GROW BY WATCHING OTHERS. I'm hoping a lot of students will be interested in this option, and you can view the stream of "Growth Mindset" posts to see what others are doing.. One way you can come up with your own growth mindset challenge is by looking at what other students and doing and writing about, and then apply that in some way to your own circumstances, seeing what you can learn from them. So, browse the growth mindset posts by other students in the class and curate them: bookmark and save the ones you like, and pick out a few favorites. Then, write those up in a blog post, providing a link and some comments about why you really liked them. Even better: you can also leave a note for the students on their blogs with a link to the post that you write and see if a conversation gets started.
GROW IN YOUR OTHER CLASSES. Every class you are taking this semester probably presents its own challenges, some of which are easier to manage and some of which might be much harder. Take a few minutes to focus on the most exciting challenge in each of your classes... and then see if there are any interconnections between the challenges in one class and another class. Can you find ways you can work on a challenge in one class that should be helpful as you face the challenges of another class? Maximizing your effort across classes can be a really powerful strategy for moving forward!

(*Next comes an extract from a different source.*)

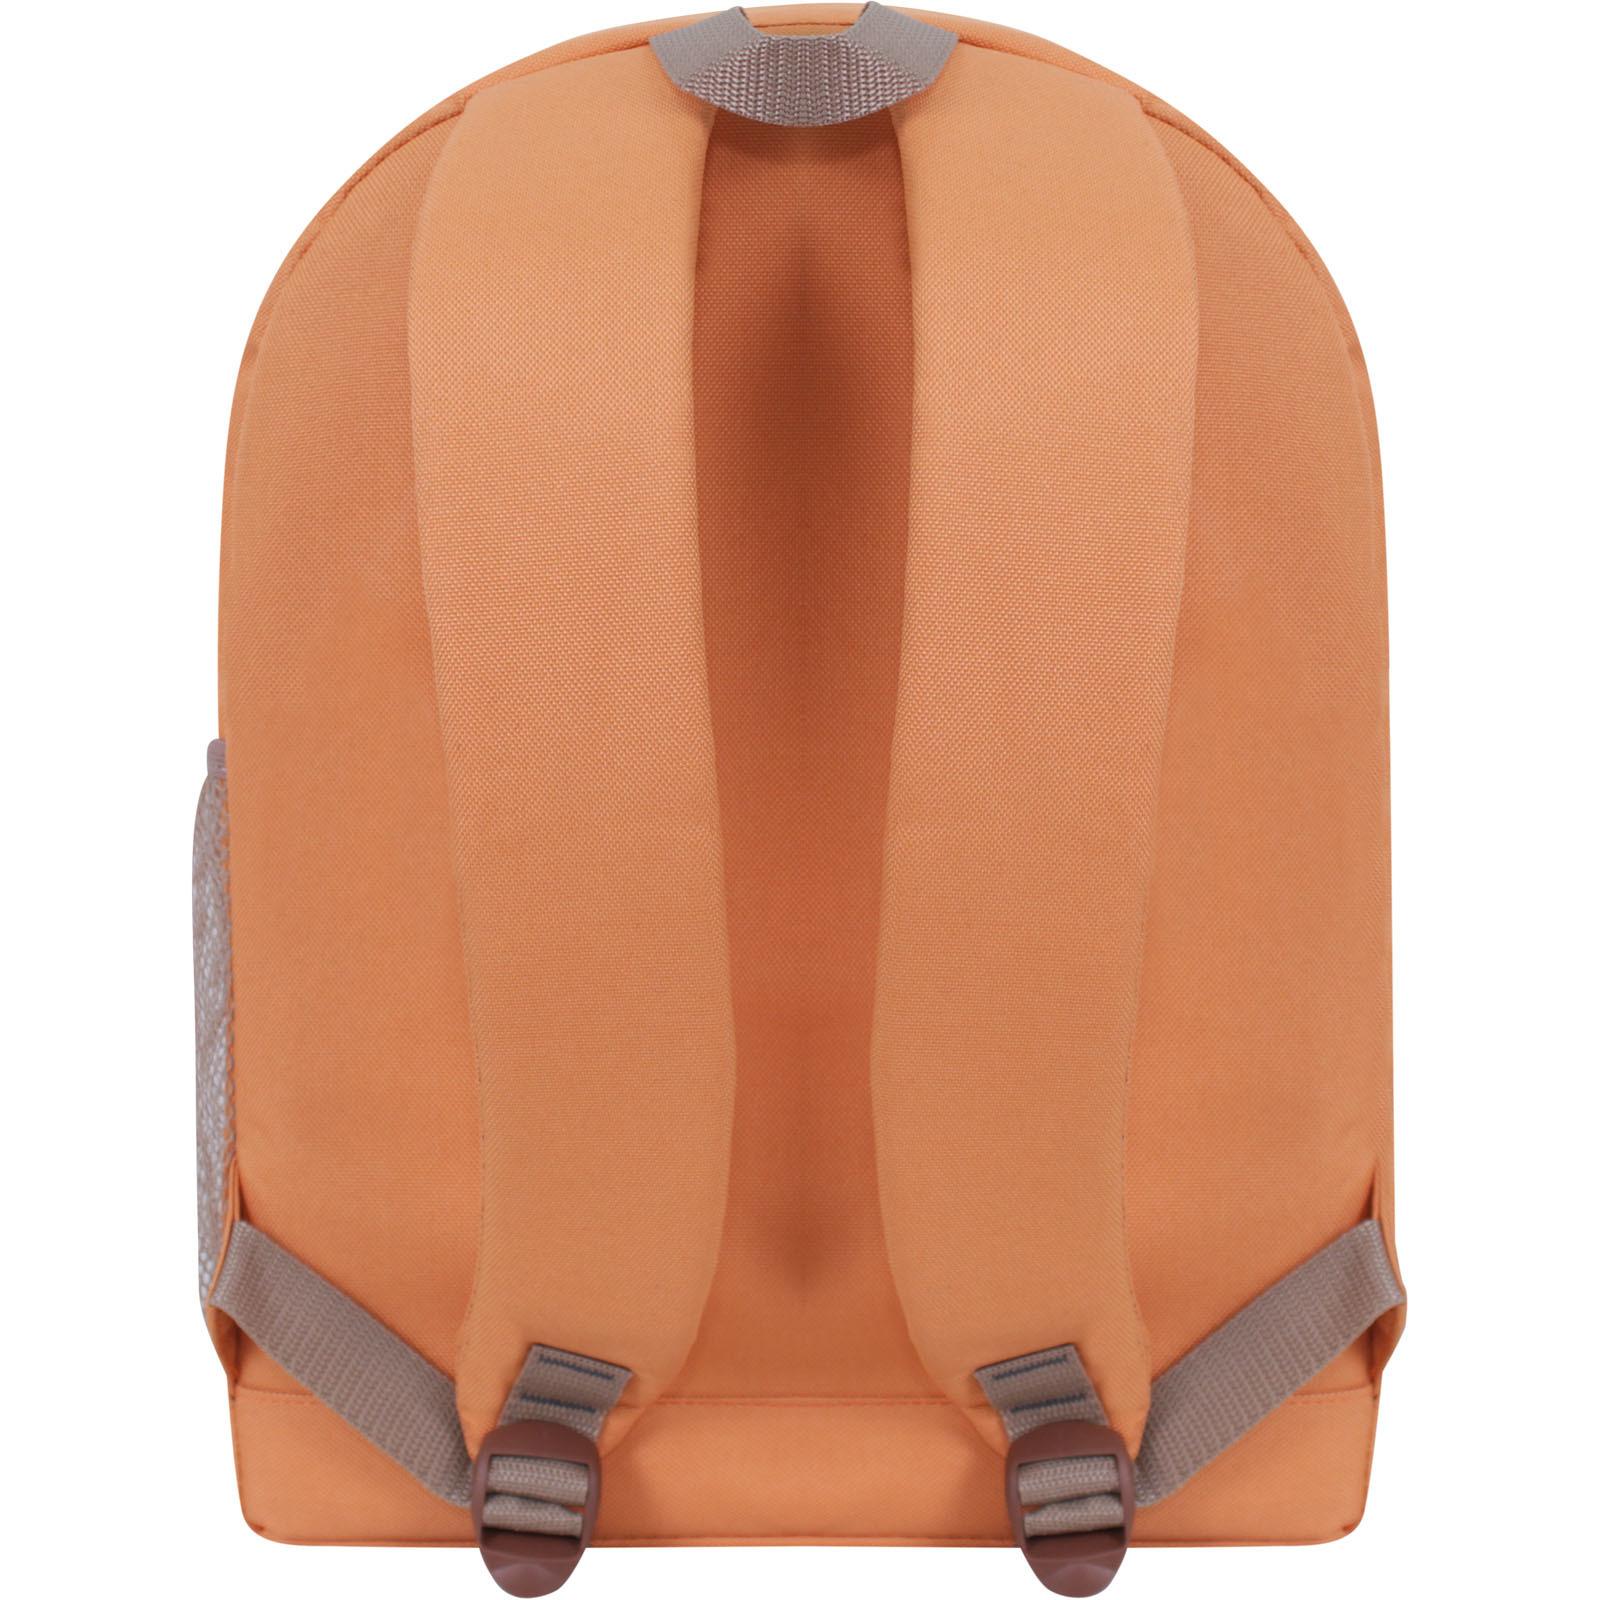 Рюкзак Bagland Молодежный W/R 17 л. Рыжий 975 (00533662)

TALK ABOUT MINDSET. Take a few minutes to talk about the growth mindset concept with a friend and write up a blog post about your conversation. Had your friend already heard about the growth mindset idea? Are they applying growth mindset ideas already at school and/or at work? Try finding a child to talk with about the growth mindset and see what insights they can offer. If you have children of your own, that might be a great conversation!
SCHOOLS FOR GROWTH. For this blog post, think BIG about the university and the ways in which it does (or does not) promote a growth mindset among students and also faculty and staff. Where do you see OU helping everyone to learn and grow? Where do you see OU holding people back? If President Boren called you up and asked you to name one thing you would like to see done differently to make OU a better learning environment for everyone here, what would you tell him?
GROWTH BEYOND SCHOOL. One of the most exciting things about the growth mindset approach is that it applies to all kinds of learning, not just the formal academic learning that you do in school. So, think about that: where do you see yourself doing the best job of applying the growth mindset in your own life...? Maybe you are a serious athlete, or a foodie, or a musician, or a traveler... so many possibilities! Think about the aspect of your life where you see the power of the growth mindset at work and write that up as a blog post.
MULTIPLE INTELLIGENCES. Carol Dweck's growth mindset is about growing your intelligence... and Howard Gardner, a professor at Harvard, has studies the many different kinds of intelligence that we have. For this challenge, read about Howard Gardner's Multiple Intelligences, and share your reaction. Which of these intelligences do you think you are able to grow in the classes that you are taking this semester? What intelligences would you like most to grow in the future?
Help me to improve this assignment... Please let me know how I can improve this assignment (for example: more ideas for blog posts!) and/or how I can do a better job of promoting the growth mindset in other assignments for class. An incredibly important part of the growth mindset is getting good feedback from others, and that means your feedback is really important. Pretty much all the good things in these classes are from ideas students shared with me in the past, so take this opportunity to share some ideas. I would be really curious to hear what you think!